Far as I can see, the situation is that objectivity is taken as a good, as the goal to which all our discussions must aspire. That subjectivity (often presented as "mere subjectivity") is seen as bad, as hopelessly fuzzy and useless and dubious. That view of those two concepts has created an absurdity that everyone's witnessed, that of a big pile of opinions (the bigger the pile, the better) somehow turning magically into a fact.

Bach is the greatest composer.

"Great" is a particular kind of word. It is not a fact; it is a judgment. It is thus not a quality, it is a conclusion, an assessment, based (or so one must hope) on the facts. It is not, however, a fact itself. It's not that kind of word. And no piling up of similar opinions about Bach will ever turn "greatest composer" into anything but a value judgment.

It is much likelier that iron can be turned into gold.

If we worship OBJECTIVITY, as we do, then of course any of our opinions that we really cherish and value (!) must obviously be given the quality of objectivity, even though opinions by their very nature are simply and irreducibly subjective. It is this tension, far as I've been able to determine, that makes for "the confusion" Polednice has remarked.


----------



## Polednice (Sep 13, 2009)

O ryt, okay. Cheers fnx bai.


----------



## Jeremy Marchant (Mar 11, 2010)

some guy said:


> If we worship OBJECTIVITY, as we do, then of course any of our opinions that we really cherish and value (!) must obviously be given the quality of objectivity, even though opinions by their very nature are simply and irreducibly subjective. It is this tension, far as I've been able to determine, that makes for "the confusion" Polednice has remarked.


I'm not sure that any statement about a piece of music can be objective. Can music exist without being heard, appreciated, understood? It's the "a tree falls in a forest, but there's no one to hear it, so does it make a sound?" argument. If it has to be perceived then, inevitably, the prejudices, judgments and experiences of the listener will irretrievably colour his or her perception.

If I assert that K491 is a great piano concerto, and people agree with me, it is still just an opinion. It is not more objective the more people agree with me. Or is it? If everyone can see the greatness (whether or not I point it out), does the music have a quality of greatness or not? I genuinely don't know the answer (read, I don't think there is an answer).

--
Incidentally the corollary to the "tree in forest" problem goes like this: A man says something, but there is no woman to hear him.

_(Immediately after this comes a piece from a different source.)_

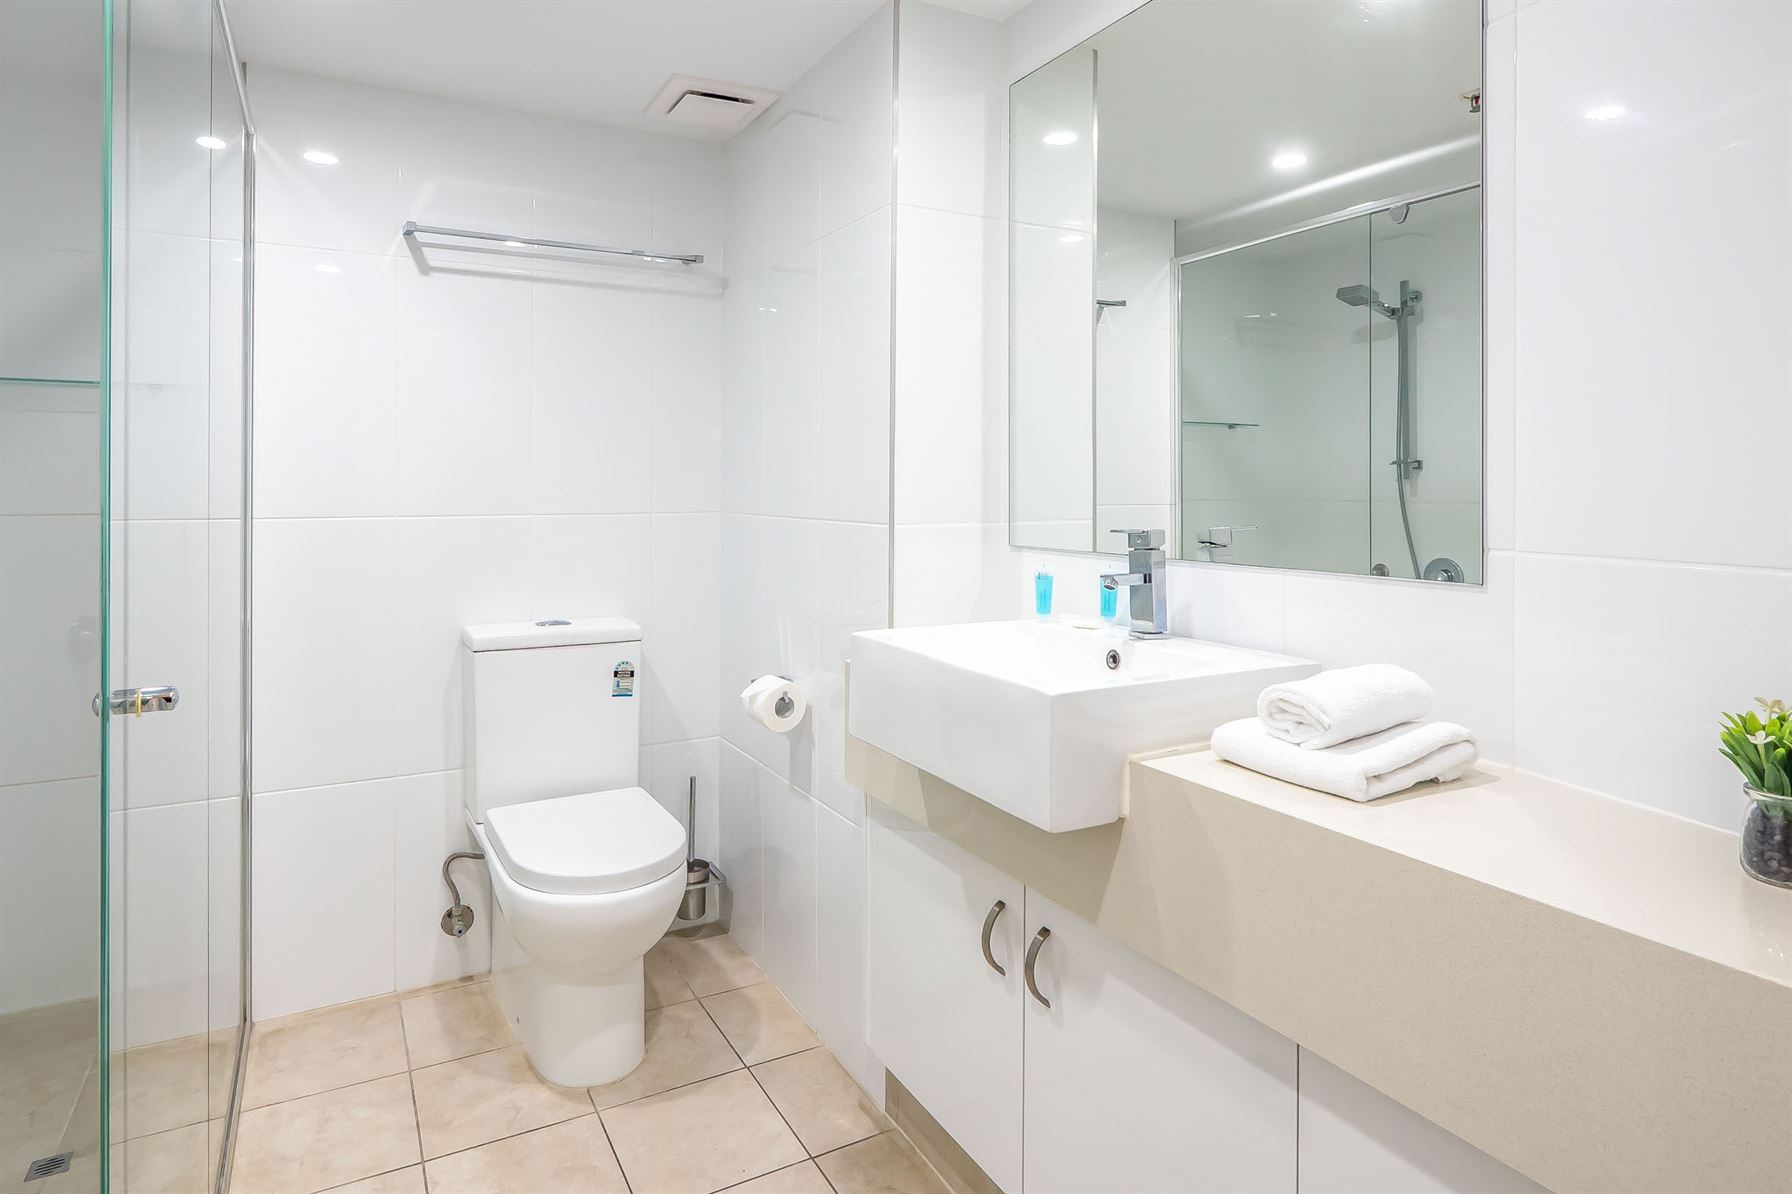 Victoria Square Apartments accommodation bathroom Unit 51

Is he still wrong?


----------



## Conor71 (Feb 19, 2009)

I don't know if its just me but I find the speculation is fun and can give you a bit of insight about the personality of the Poster - This can cause arguments too of course but thats what the board is all about! 
I enjoy the nice threads and the heated debates in about equal measure and try to read them all where possible (although I do stay away from some of the threads in the community forum because they can become a bit unwieldy!)


----------



## moody (Nov 5, 2011)

Conor71 said:


> I don't know if its just me but I find the speculation is fun and can give you a bit of insight about the personality of the Poster - This can cause arguments too of course but thats what the board is all about!
> I enjoy the nice threads and the heated debates in about equal measure and try to read them all where possible (although I do stay away from some of the threads in the community forum because they can become a bit unwieldy!)


It gives a lot of insight into the personality of the poster--too much in some cases!!!


----------



## Sid James (Feb 7, 2009)

Jeremy Marchant said:


> ...If it has to be perceived then, inevitably, the prejudices, judgments and experiences of the listener will irretrievably colour his or her perception...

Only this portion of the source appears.